_Given information_:

<<<<

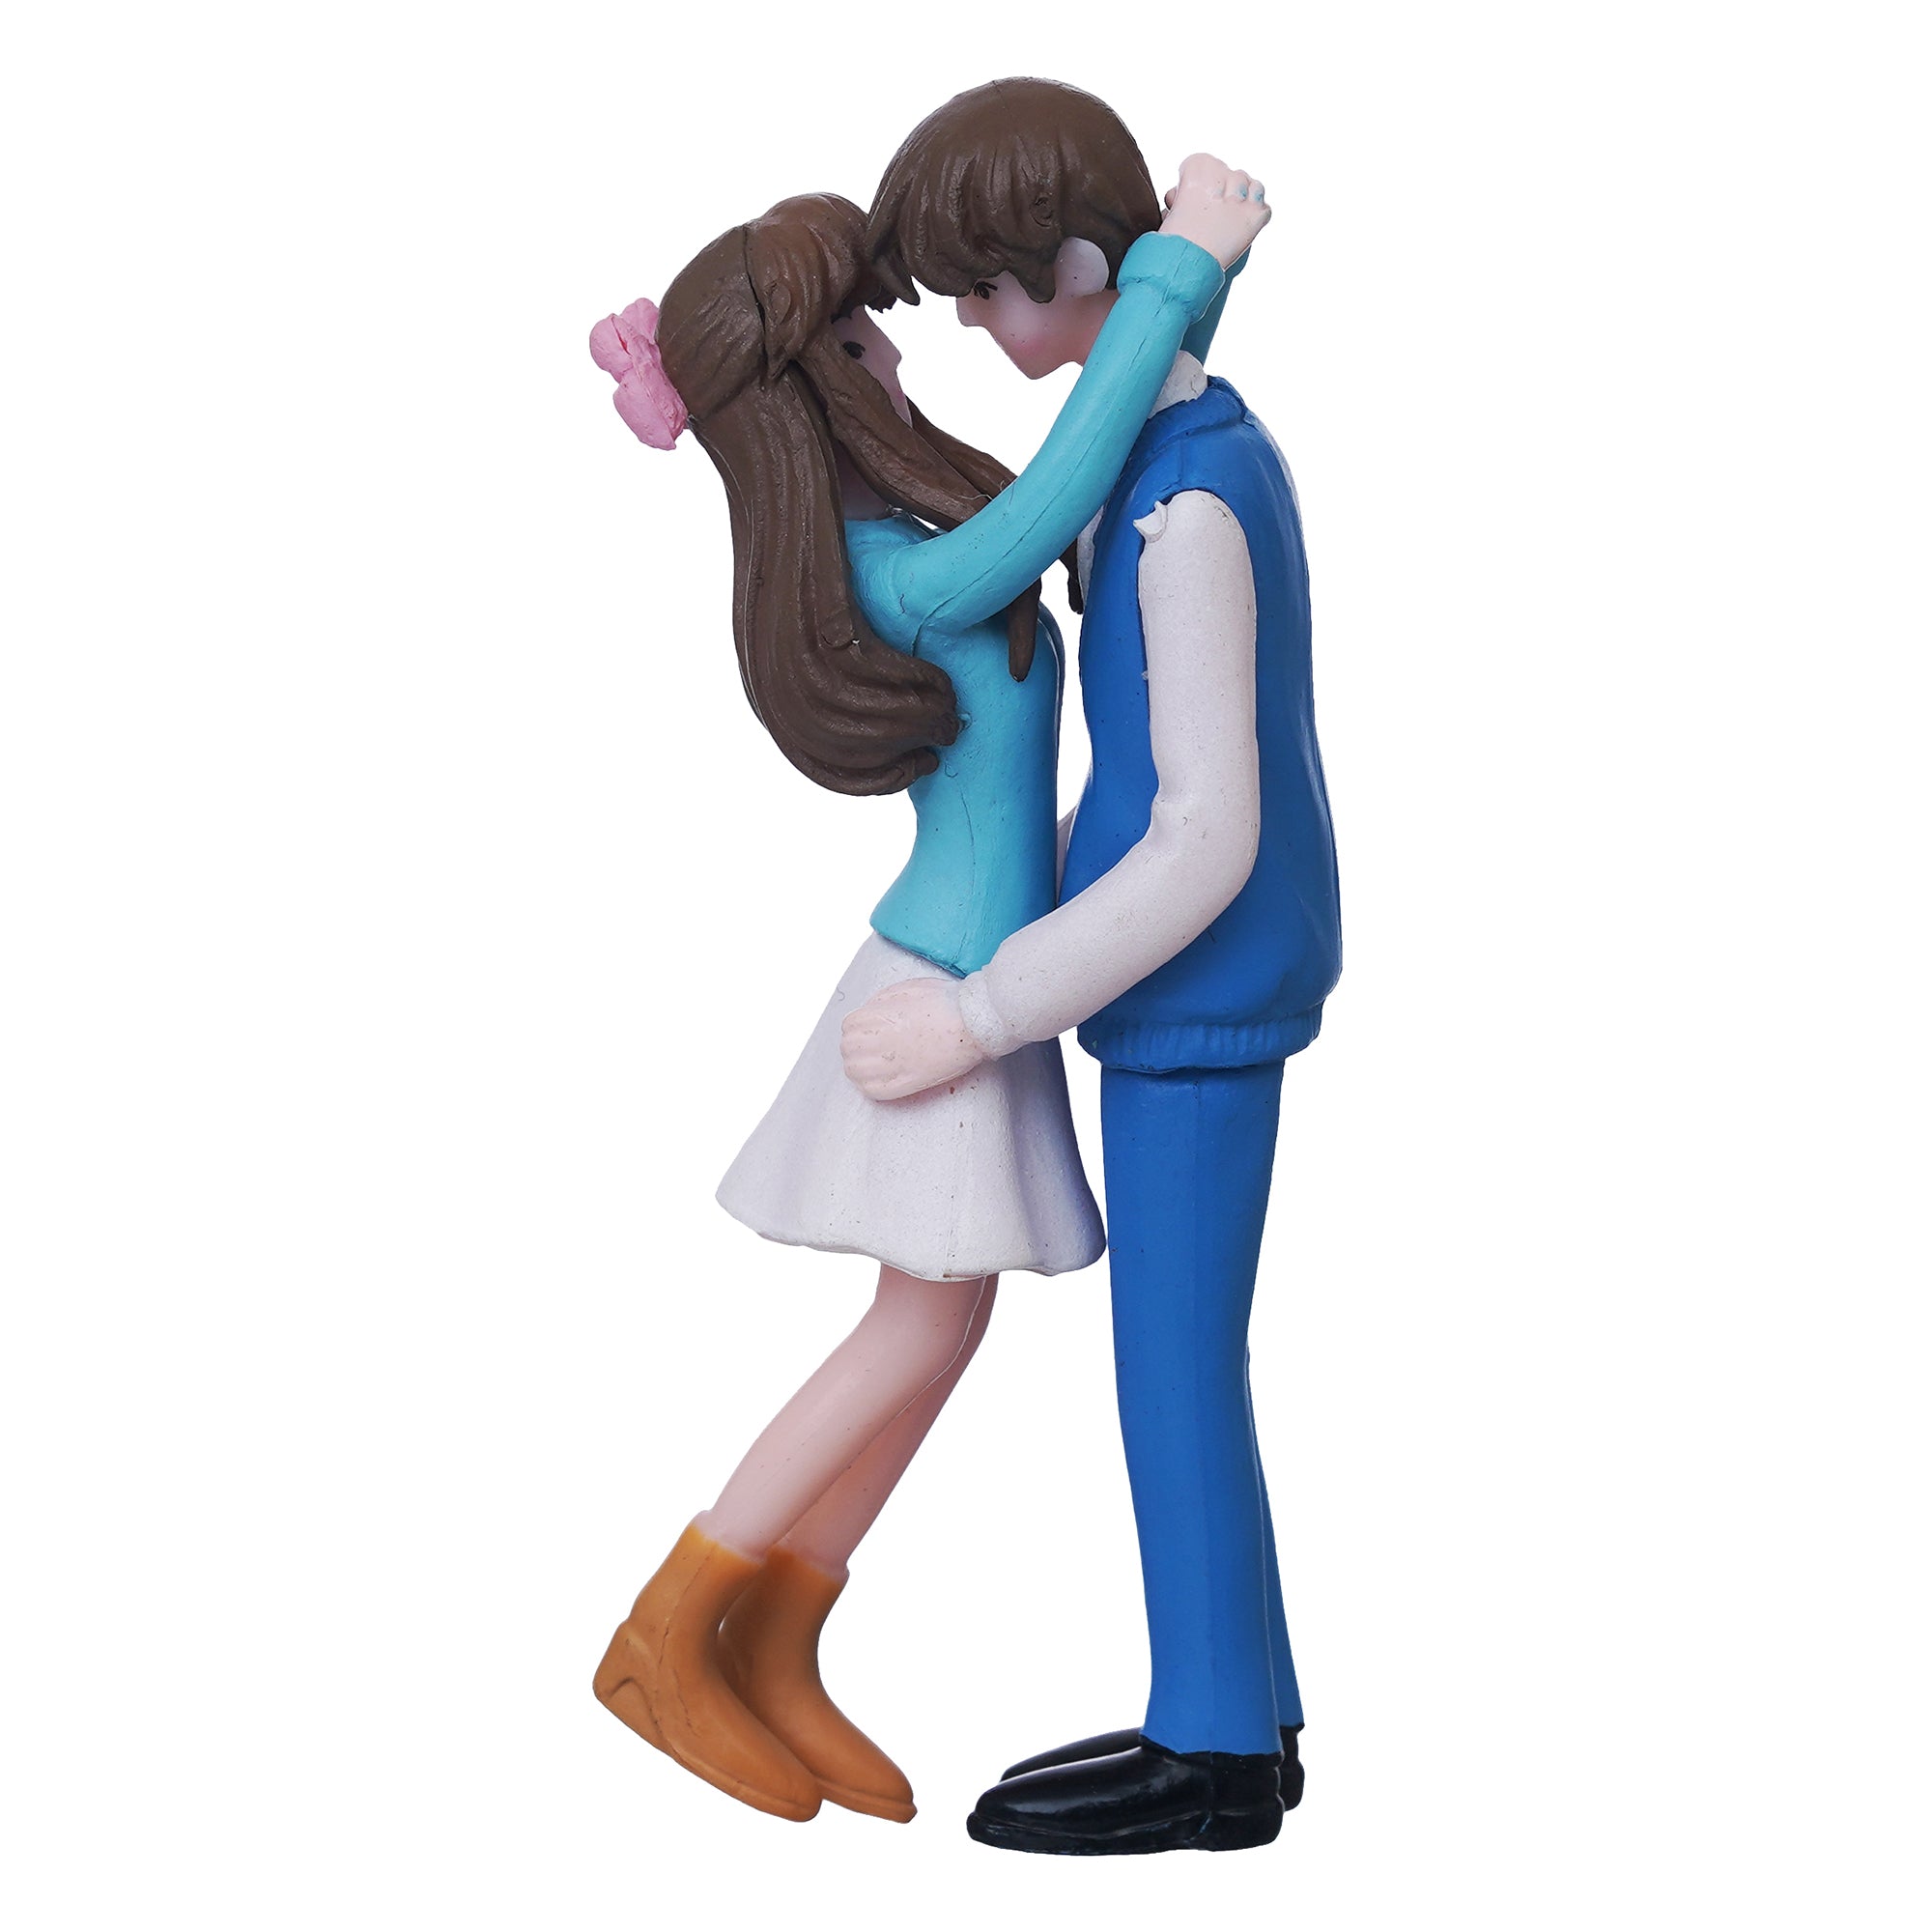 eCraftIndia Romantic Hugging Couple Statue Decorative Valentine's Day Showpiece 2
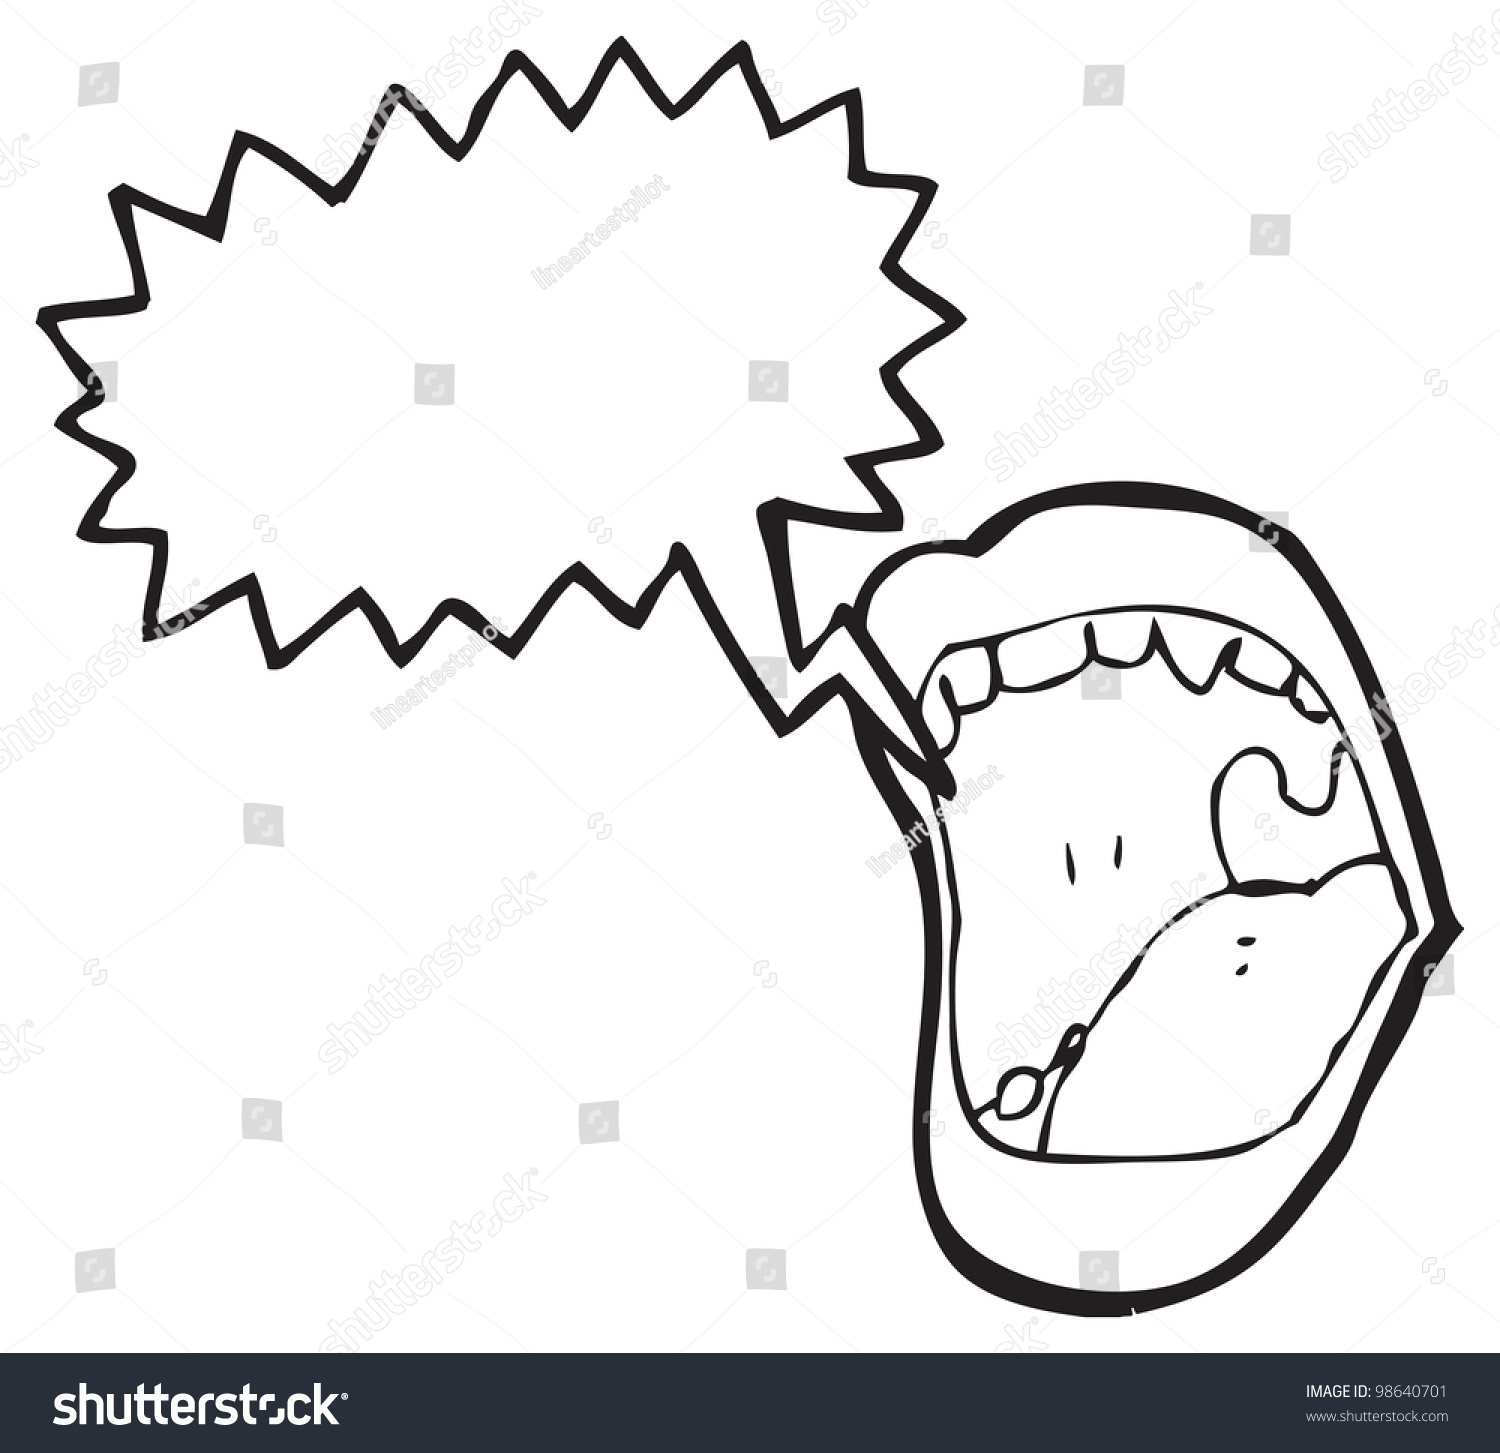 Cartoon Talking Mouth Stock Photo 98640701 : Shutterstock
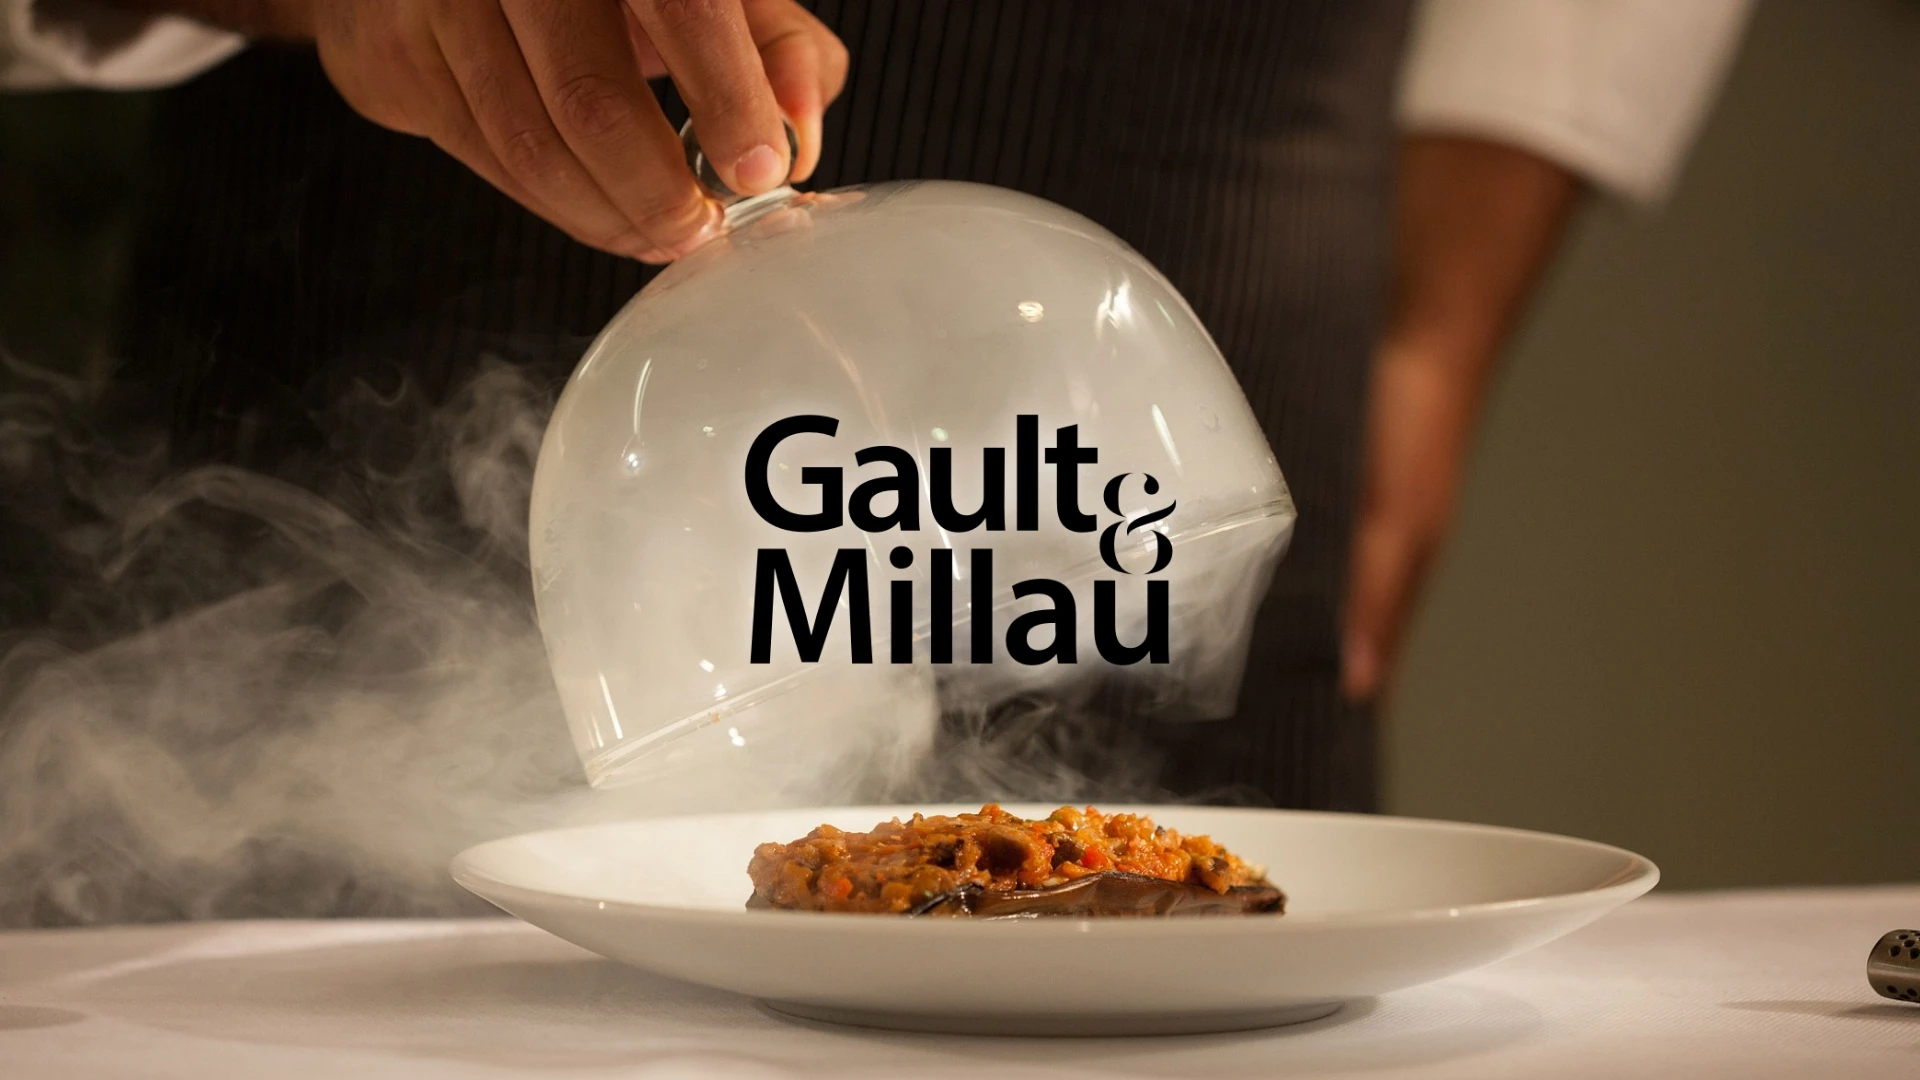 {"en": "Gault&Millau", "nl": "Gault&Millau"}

>>>>

_Your task_: Your answer should hold only the lines from the one with "Cartoon Talking Mouth" through the final line of the listing above, transcribed exactly and without pictures.

_Answer to this exercise_:
 Cartoon Talking Mouth Stock Photo 98640701 : Shutterstock
 {"en": "Gault&Millau", "nl": "Gault&Millau"}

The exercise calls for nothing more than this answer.